Covid-19 tests that give results in minutes to be rolled out across world | Coronavirus outbreak
Tests for Covid-19 that show on-the-spot results in 15 to 30 minutes are about to be rolled out across the world, potentially saving many thousands of lives and slowing the pandemic in both poor and rich countries.
In a triumph for a global initiative to get vital drugs and vaccines to fight the virus, 120m rapid antigen tests from two companies will be supplied to low- and middle-income countries for $5 (£3.90) each or even less.
The tests, which look like a pregnancy test, with two blue lines displayed for positive, are read by a health worker. One test has received emergency approval from the World Health Organization (WHO) and the other is expected to get it shortly.
The quick and easy but high-quality tests will allow mass screening of health workers, who are dying in disproportionate numbers in low income countries.
Wealthy countries that have signed up to the Access to Covid tools initiative (ACT accelerator), as the UK has, will also be able to order the tests. The initiative was launched in March by the WHO, the European commission, the Gates Foundation and the French government.
In return for a volume guarantee from the Gates Foundation, the companies are making 20% of their production available to low- and middle-income countries and 80% to the rest. Germany has already ordered 20m tests and France and Switzerland are following suit.
The UK government is keen to get rapid virus tests, which were central to the “moonshot” proposals leaked recently, but it is not clear if they intend to buy these tests. It has invested in British-made saliva tests as well as rapid antigen tests, both of which take about 90 minutes. Saliva tests are being trialled in Salford and Southampton, while DnaNudge, which uses a swab read by a Nudgebox, is in use in some NHS hospitals.

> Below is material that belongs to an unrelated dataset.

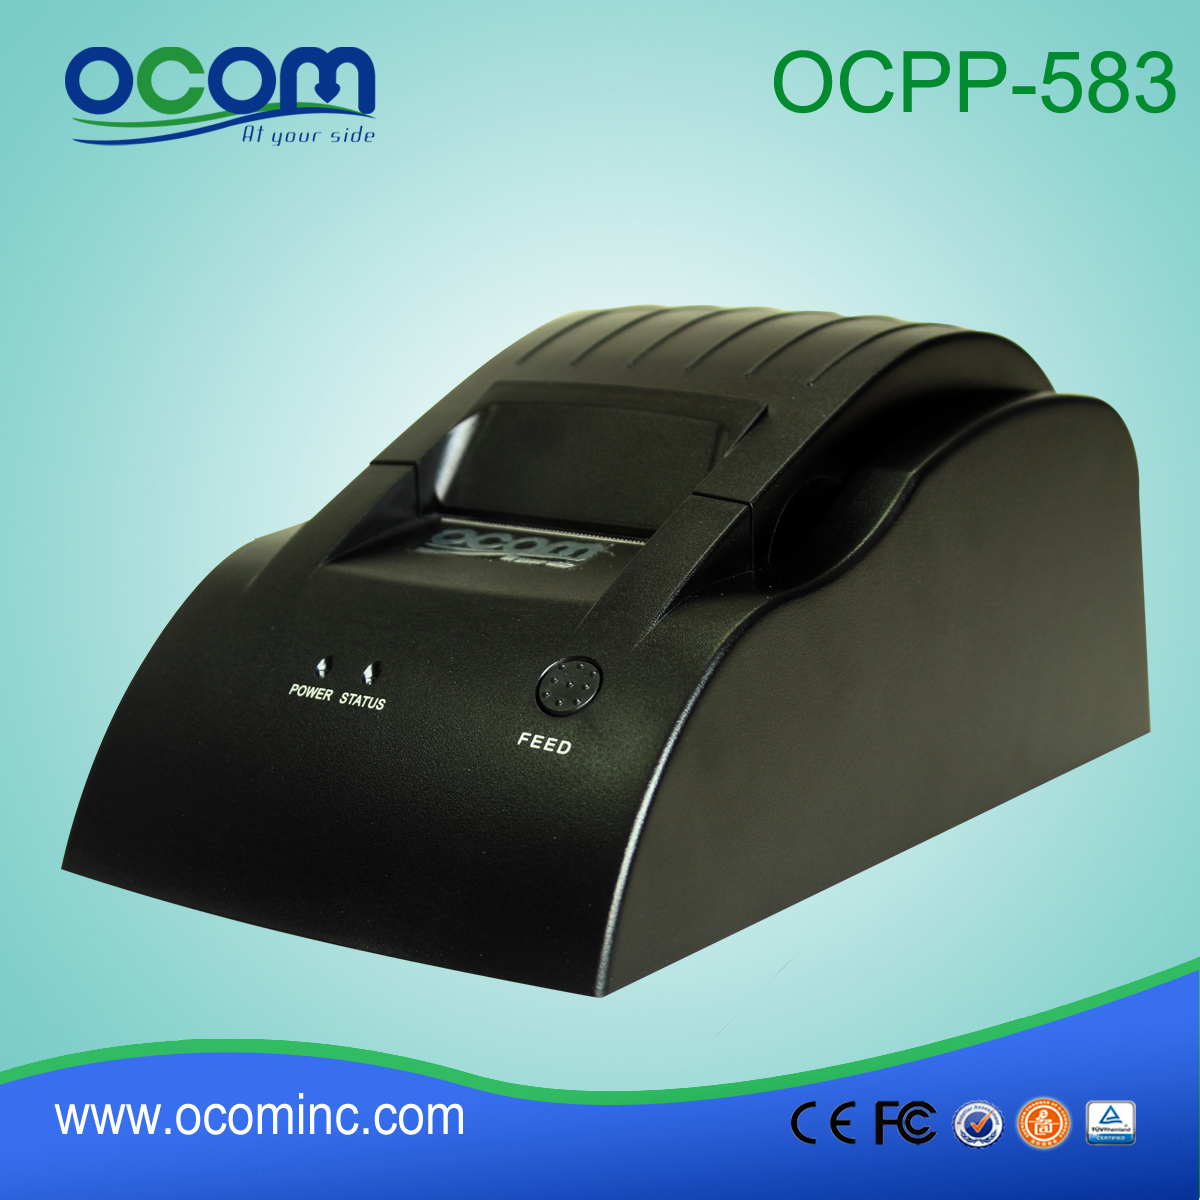 OCPP-583: 2015 bezpośrednia cena drukarka termiczna, drukarka termiczna poz

But the WHO-approved rapid antigen tests are faster and easier, as well as cheaper, and could be used for screening in schools, universities and workplaces. Countries that can afford it could screen more generally. While the tests will not pick up all cases, they could allow many infectious people to be identified before they have symptoms and go into quarantine.
One of the tests, from the South Korean company SD BioSensor, has just been given emergency approval by the WHO, while the other, from the US company Abbott, is expected to get it shortly for a test it manufactures in South Korea.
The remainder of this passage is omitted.